Оптинские были. Очерки и рассказы из истории Введенской Оптиной Пустыни
Шрифт:
Есть воспоминания и о том, как о. Василий постился. Это, конечно, отрывочные наблюдения, но уже и они весьма красноречивы. Случалось и так, как вспоминает тогдашний повар: «Придет, бывало, поздно, и спросит деликатно: "А супчику не осталось?" – "Нет, отец Василий, уж и кастрюли вымыли". – "А кипяточку не найдется?" – Хлебушек да кипяточек – вот он и рад. Кроткий был батюшка, тихий». Вот другое воспоминание: «Был Успенский пост 1991 года, когда о. Василий служил в Шамордине. Я тогда только поступила в монастырь, работала на послушании в трапезной и беспокоилась, что батюшка не обедал. Шел дождь. И где-то в три часа дня я увидела в окно, как о. Василий идет под дождем спокойным шагом с красной дароносицей на груди, прикрывая мантией Святые Дары. Он ходил в деревню Каменку причащать больного. Потом зашел в трапезную и, отказавшись от обеда, попросил немного кислых ягод. Принесла я из кладовки ягод, он поел их немного, а на ужин не приходил. На следующий день в обед он опять поел лишь немного ягод и опять не пришел на ужин. Лишь на третий день он съел с ягодами
Вспоминают, что о. Василий был чужд смиреннословия. «Характернейшая черта о. Василия – отсутствие разговоров о смирении.

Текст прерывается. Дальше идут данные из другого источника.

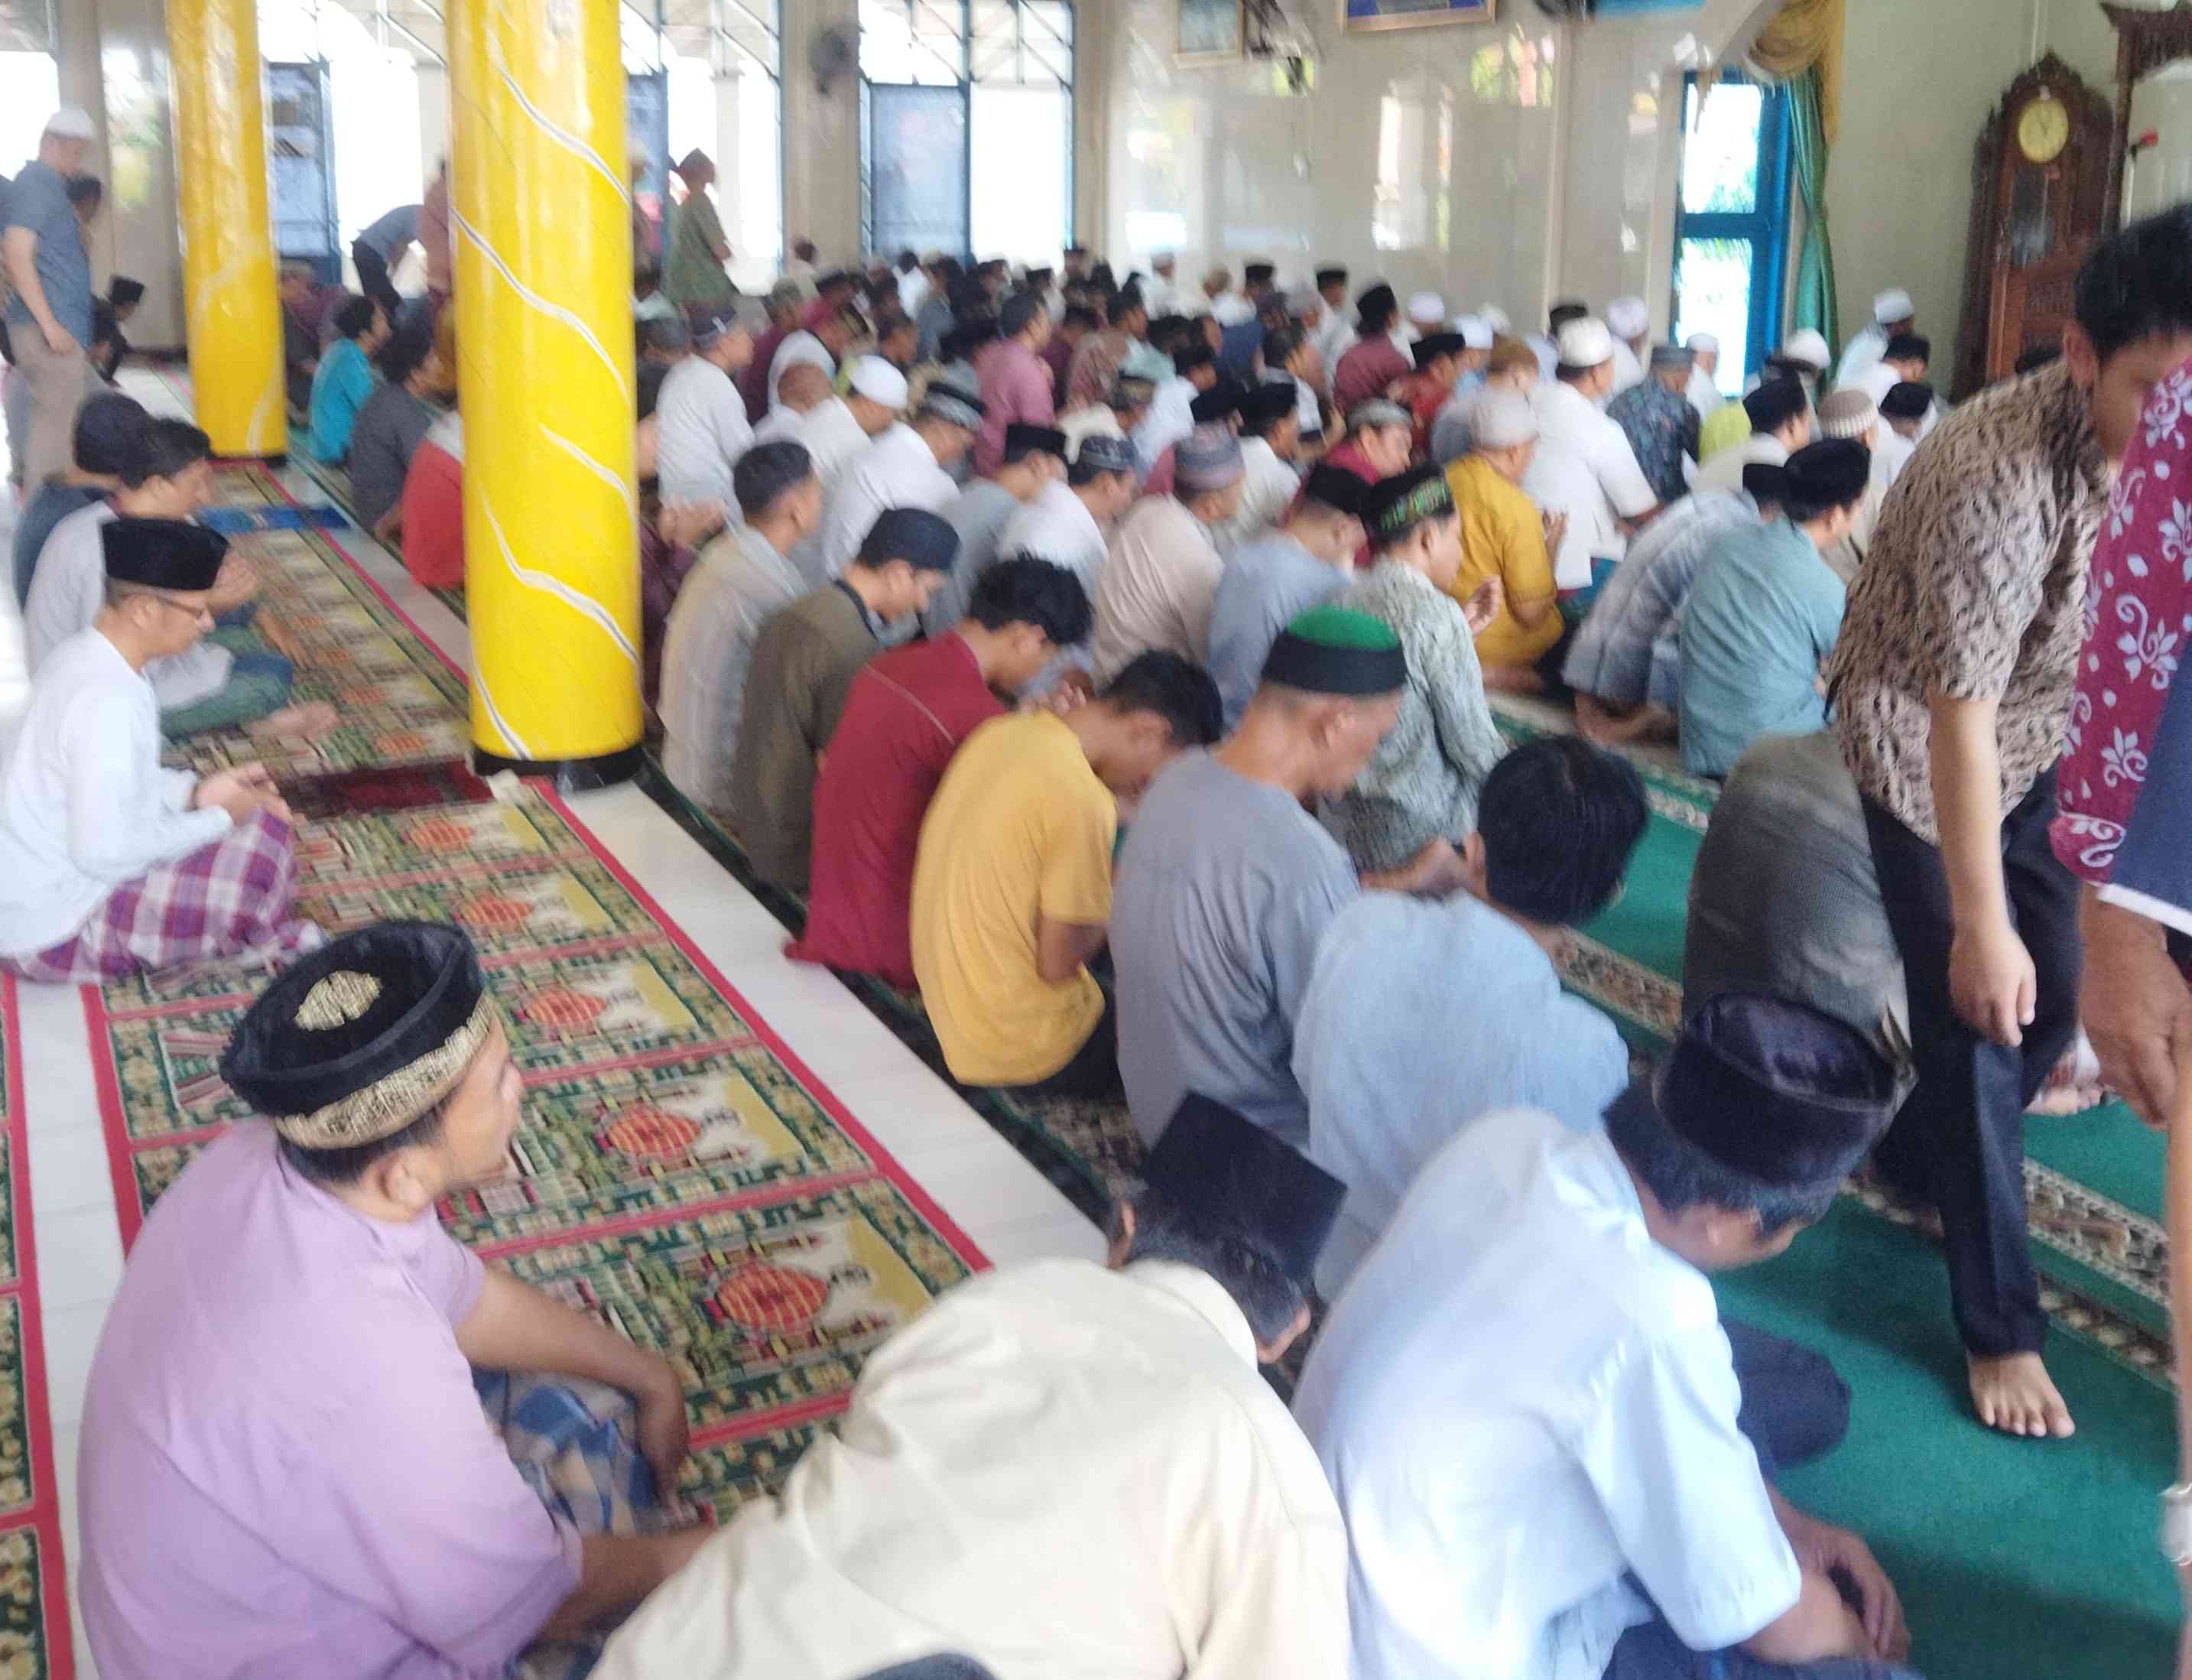 Foto Jemaah Jum'at di sebuah Masjid Kota Bengkulu. Sumber : Dokumen pribadi

И он даже это слово в наставлениях умудрялся обходить. И ни о каком смиреннословии никогда не могло быть и речи. Он хранился от этого. И на исповеди, и при советах он говорил, что о смирении мы говорить вообще не можем» (о. М).
Вот еще некоторые штрихи из воспоминаний об о. Василии. «Когда о. Василий выходил из алтаря, когда заходил в храм, он никогда глаз не поднимал» (м. Ф.). «О. Василий не желал общений. Он убегал в келлию свою» (она же). «Он нам говорил: "Нужно понять, что монашество заключается не в одежде, даже не в правиле, которое мы никогда не будем исполнять, а в покорности воле Божией"» (м. Л.). «О. Василий был человек очень большой воли. Мне кажется, что он никогда в жизни не опускал свое молитвенное правило, – говорит о. Ф. – Помню, во время поездки в Архангельскую область мы с ним так уставали порой, что я думал: "Какое тут правило читать? Только бы рухнуть". А он качался, но все равно читал правило… Полунощницу читал каждый день, повечерие все вычитает… Мы уже на ногах не держимся, не стоим, падаем, а он все стоит, читает». «Несмотря на свой строгий и иногда даже неприступный вид, о. Василий не производил на меня лично впечатления какого-то гордеца, холодного и нелюдимого человека. Ну, может быть, это потому, что я с ним пообщалась, почувствовала его неравнодушное сердце. А так, я знаю, что некоторые говорили о нем, что это гордец. Мне это непонятно. Просто он был человек с глубоко сокровенной внутренней жизнью. Мне кажется, это было видно с первого взгляда» (Е.).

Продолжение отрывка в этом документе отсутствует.